No, there are two things I have found in Jansson that are unusual. One or both themes run through all of her work that I have read.
The first is a strong sense of the sublime. Her books are full of catastrophes – hurricanes, tidal waves, and floods, or even the destruction of the earth by a comet (Comet in Moominland, 1946). The date of the latter suggests that she is, in part, allegorizing the external catastrophe of World War II, but there is something else at work. Jansson’s books are set in coastal Finland, and on little rocky islands in the Gulf of Finland.
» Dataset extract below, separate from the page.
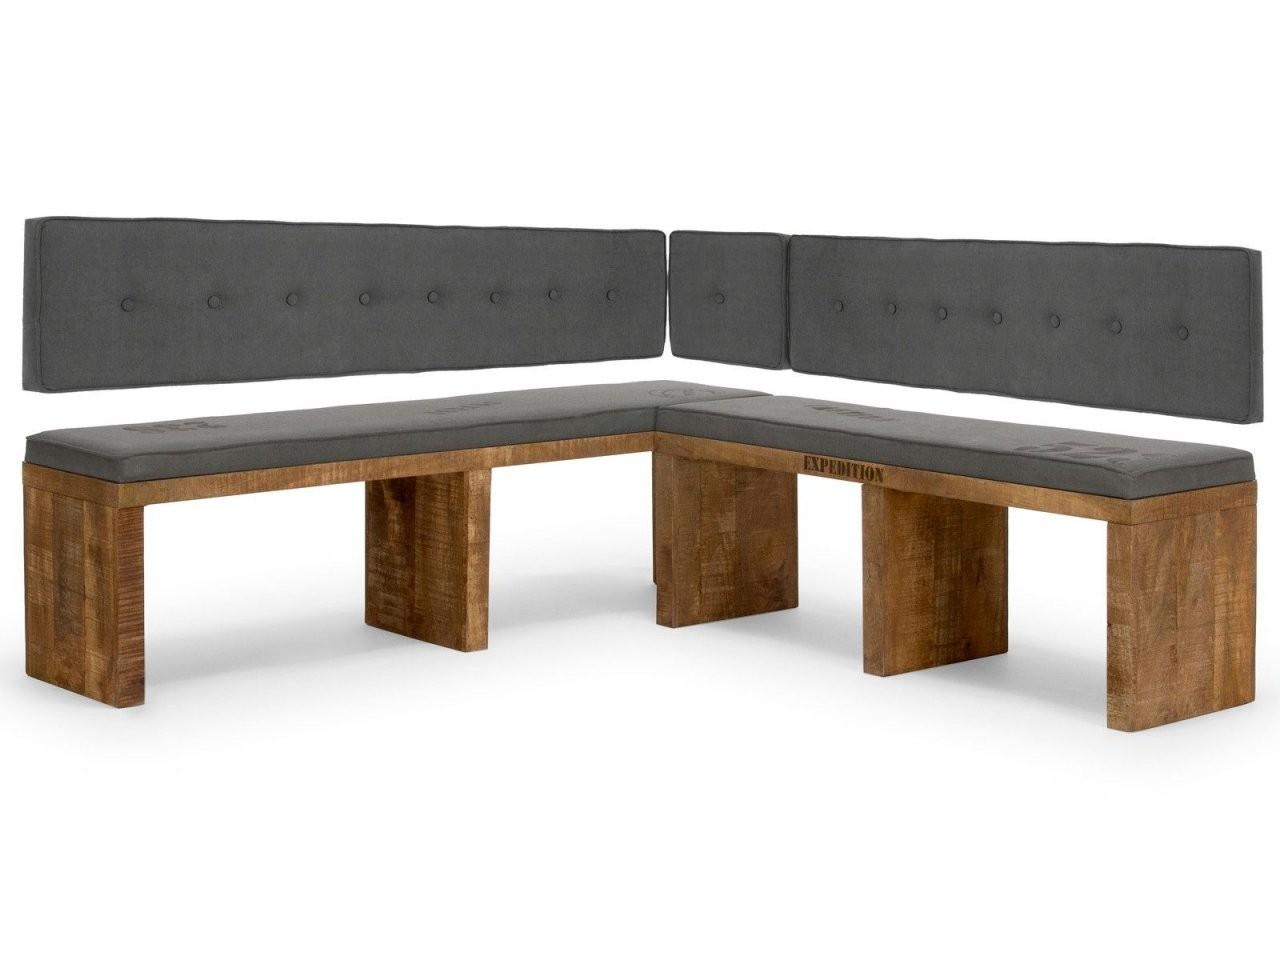 Eckbank Sheffield  Eckbank  Dining Room Bench Bench Furniture Und von Eckbank Mit Stauraum Selber Bauen Bild

Readers of the novel The Summer Book (1972) are likely to remember the little girl who thrills in the massive August storm that hits them, but also fears that she summoned it, that it is her storm, her possession, which is exciting, but also her fault.
In Sculptor’s Daughter (1968), a memoir from the point of view of young Tove circa age six or seven, the storm is nothing but fun.
Everything lying on the slope below the house had floated out to sea and the off-shore wind was carrying it out towards the sound and the wind was getting stronger and stronger and the water was rising higher and higher. I was shouting with glee, too, as I waded up and down and felt the floating grass getting tangled round my legs…
And the visitors hauled on the rope and were soaked to the skin in their nightshirts and had no idea what fun the whole thing was, which served them right…
Then Daddy went out again. Mummy poured out tea for us all. It was the best storm we ever had. (“High Water,” 103-4)
For example. Or see “The Tulle Skirt,” in which a little girl crawls around in a big black skirt which creates, in a mirror, a shapeless monster with its own frightening existence, at least until Tove tires of the game. Or try “Snow,” where the girl and her mother are alone in a big house during a long blizzard.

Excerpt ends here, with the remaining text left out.